## AIM OF THE EXERCISE
The reply should contain all the data below, repeated exactly, and none of the images.

[DATASET EXTRACT — start]

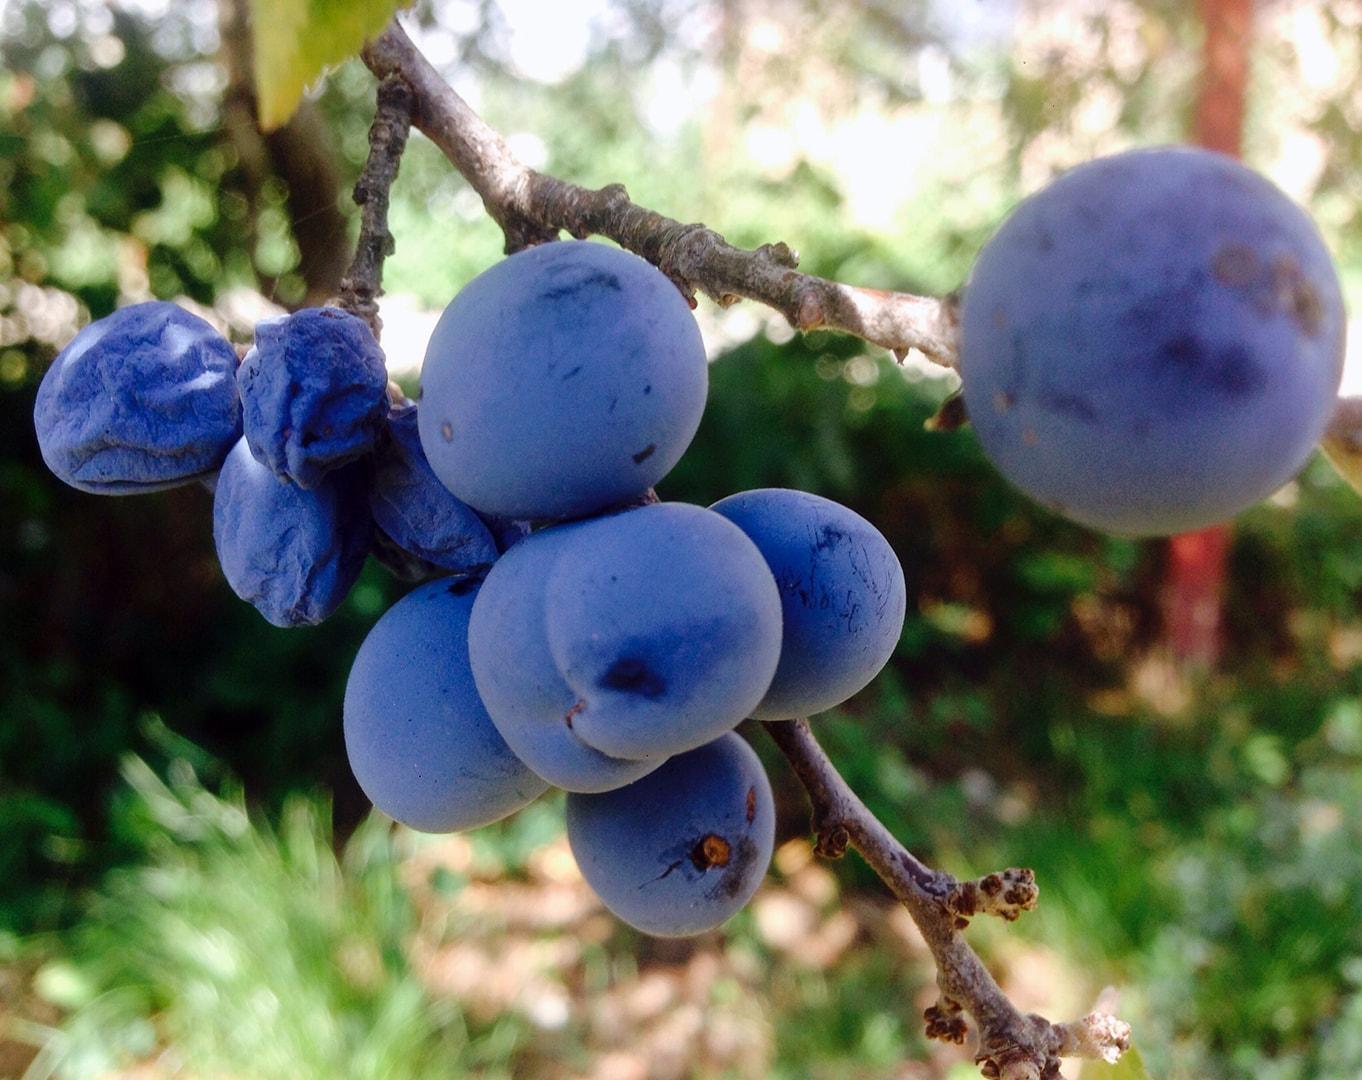 Слива во всевозможных проявлениях:  - терновая ягода (слива колючая) – «донской тёрен»; - чернослив; - пастила; - сливовый джем.
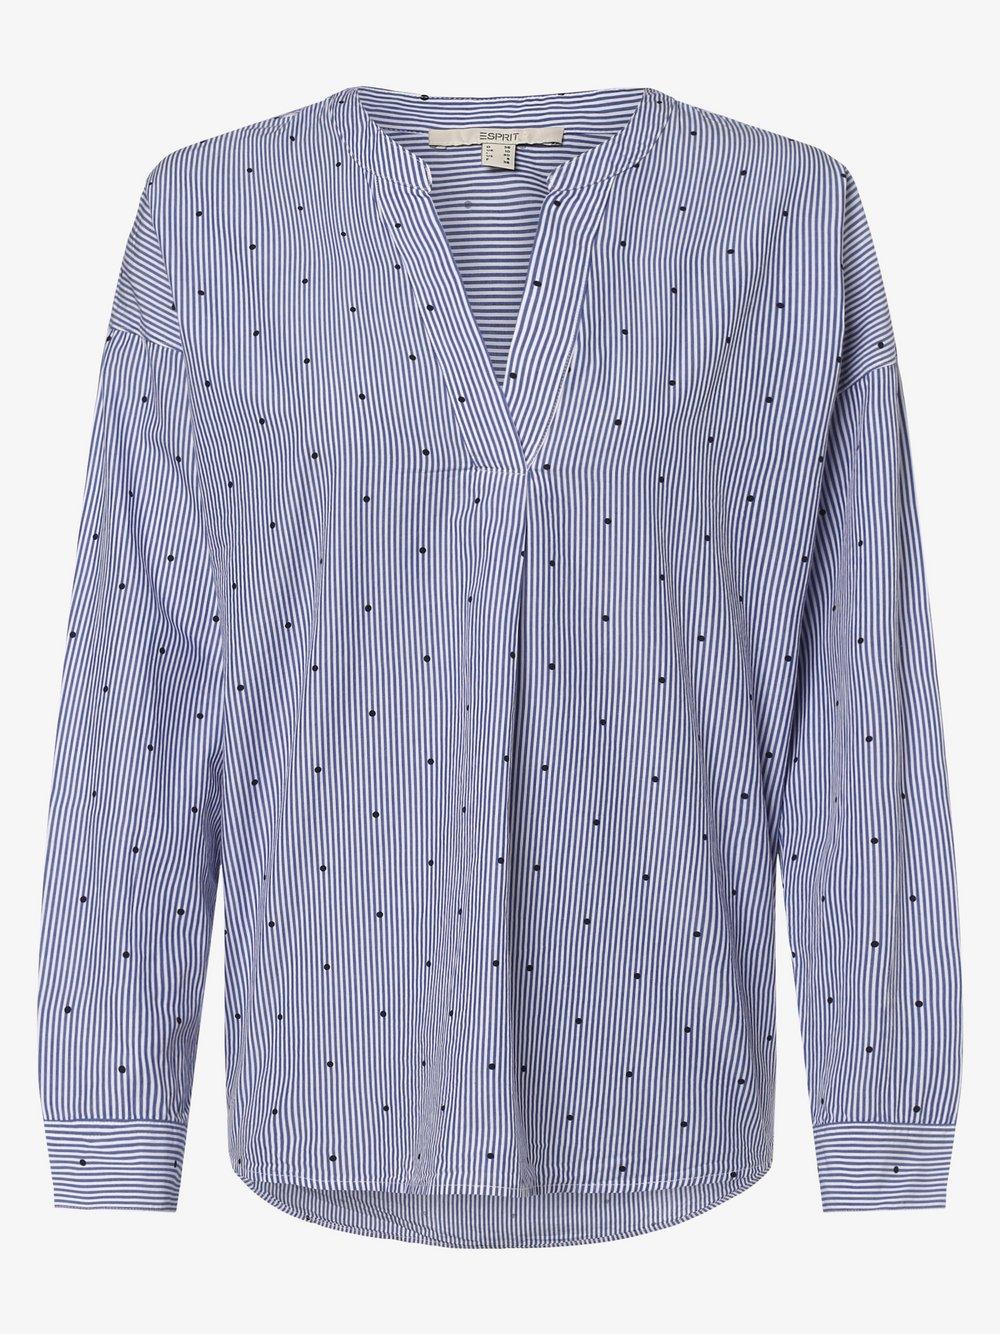 Esprit Casual – Bluzka damska, niebieski Van Graaf 460962-0001-00400
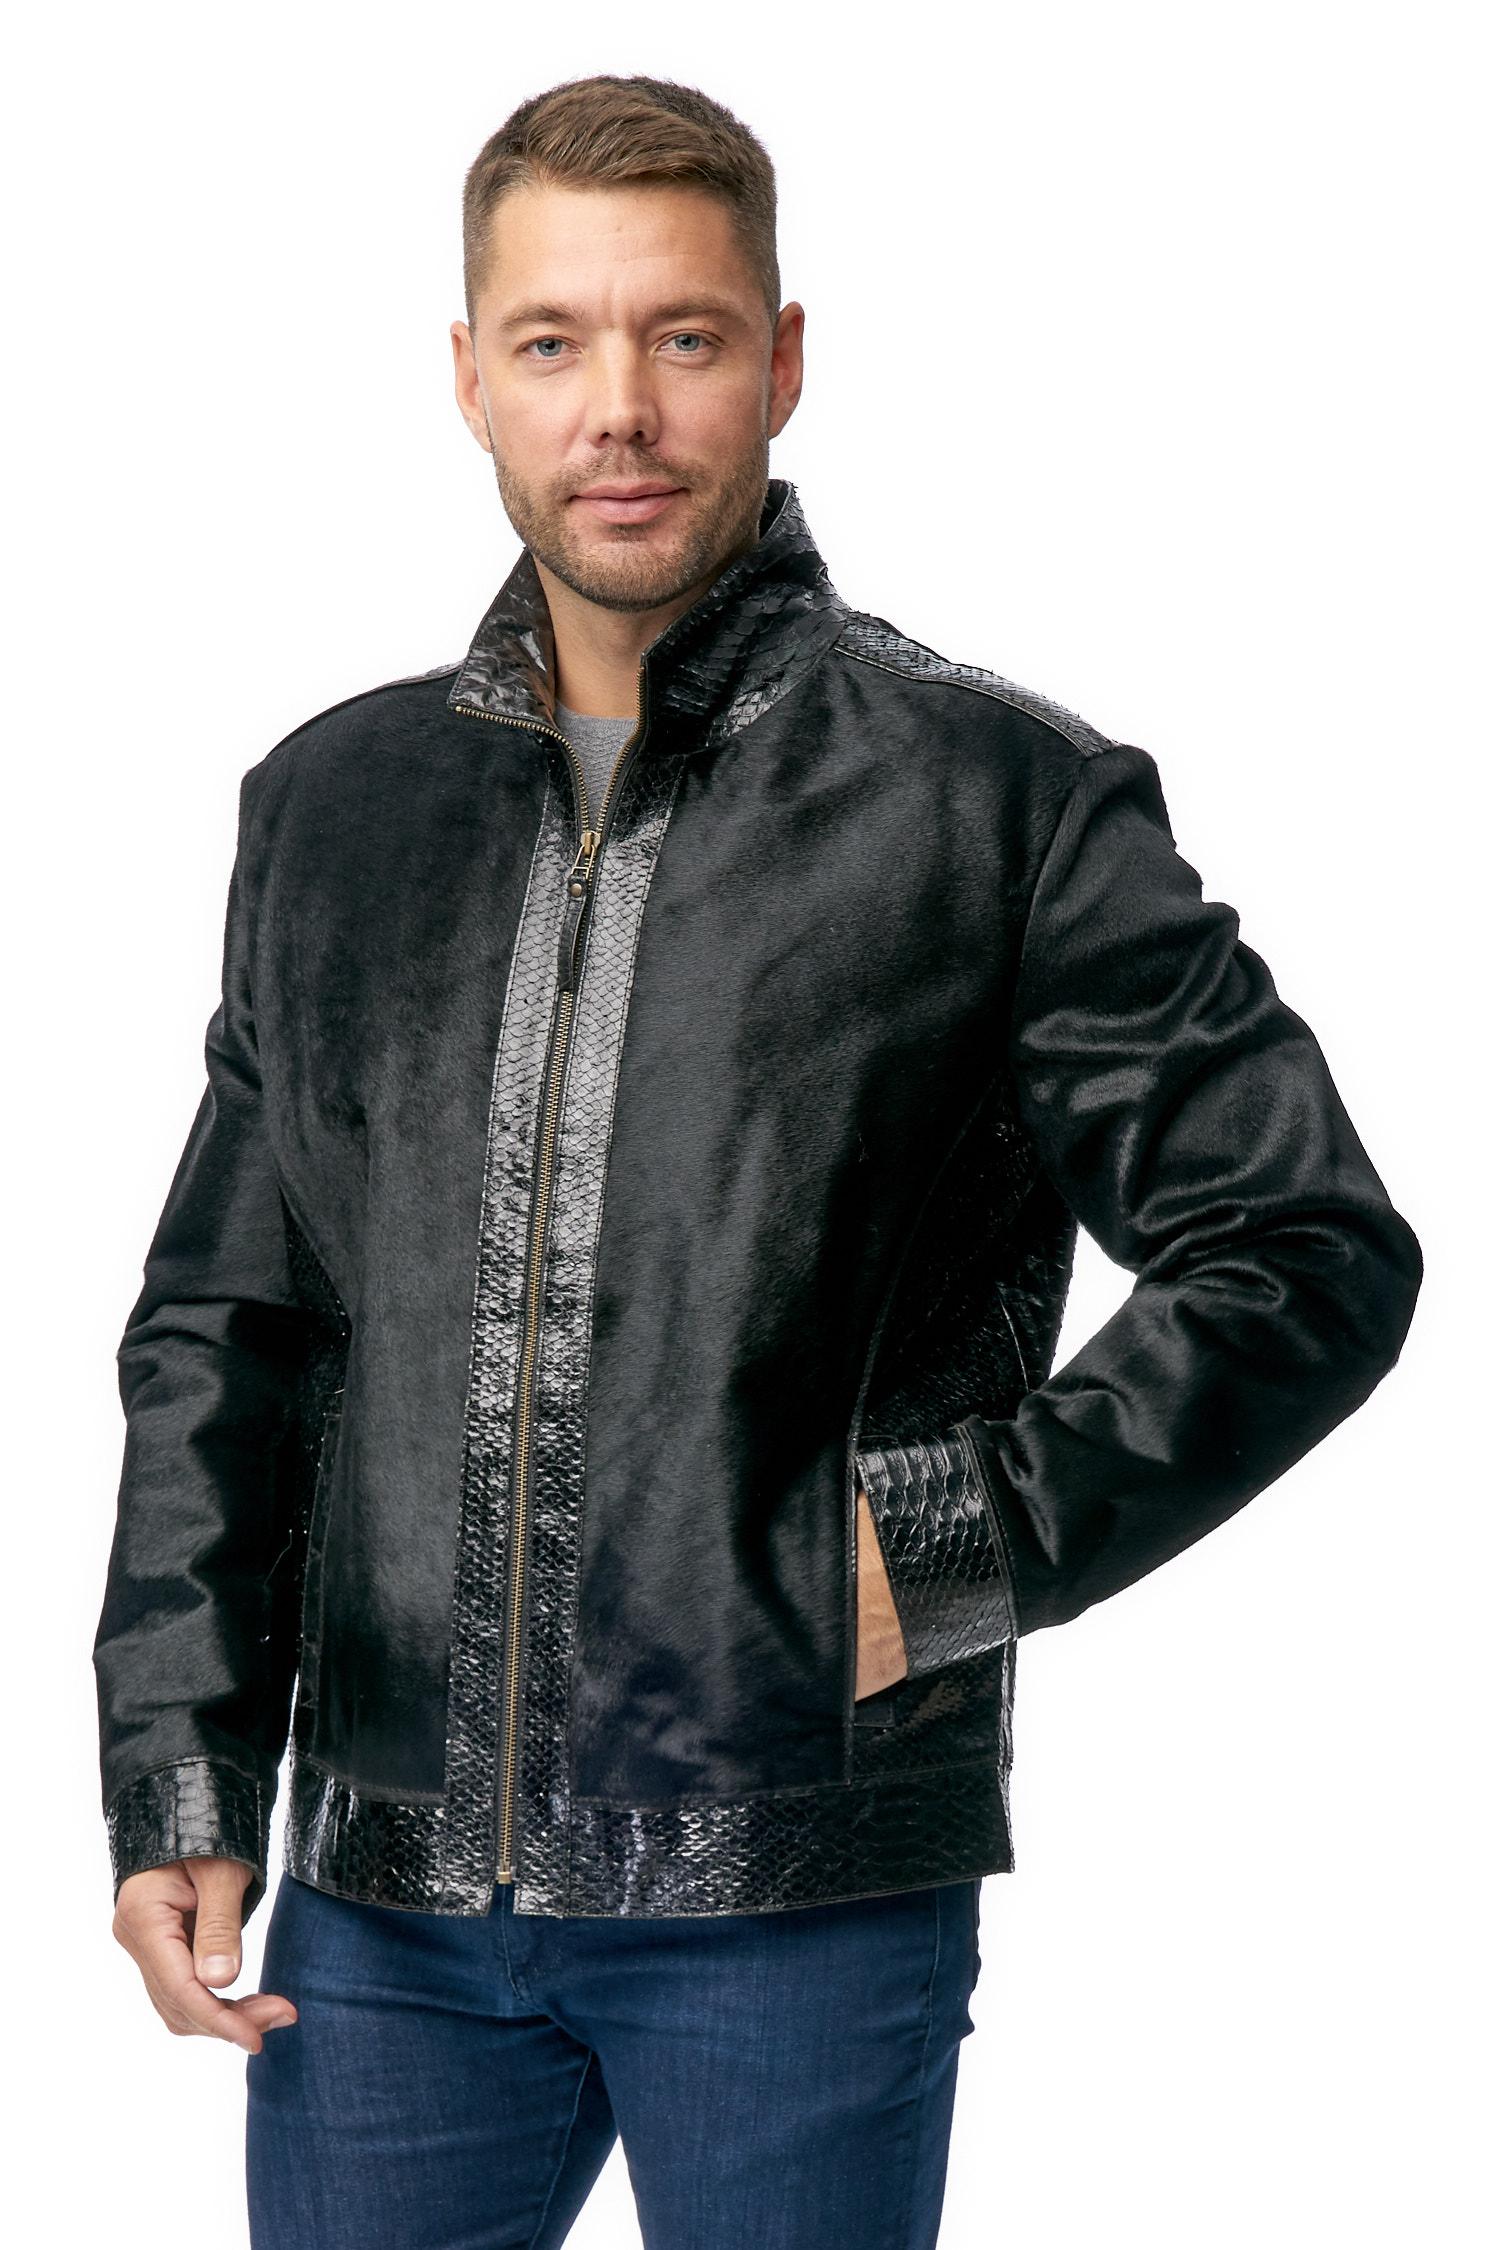 Мужская кожаная куртка из натуральной кожи с воротником, отделка кожа питон МОСМЕХА

[DATASET EXTRACT — finish]

## OUTPUT OF THE TASK
 Слива во всевозможных проявлениях:  - терновая ягода (слива колючая) – «донской тёрен»; - чернослив; - пастила; - сливовый джем.
 Esprit Casual – Bluzka damska, niebieski Van Graaf 460962-0001-00400
 Мужская кожаная куртка из натуральной кожи с воротником, отделка кожа питон МОСМЕХА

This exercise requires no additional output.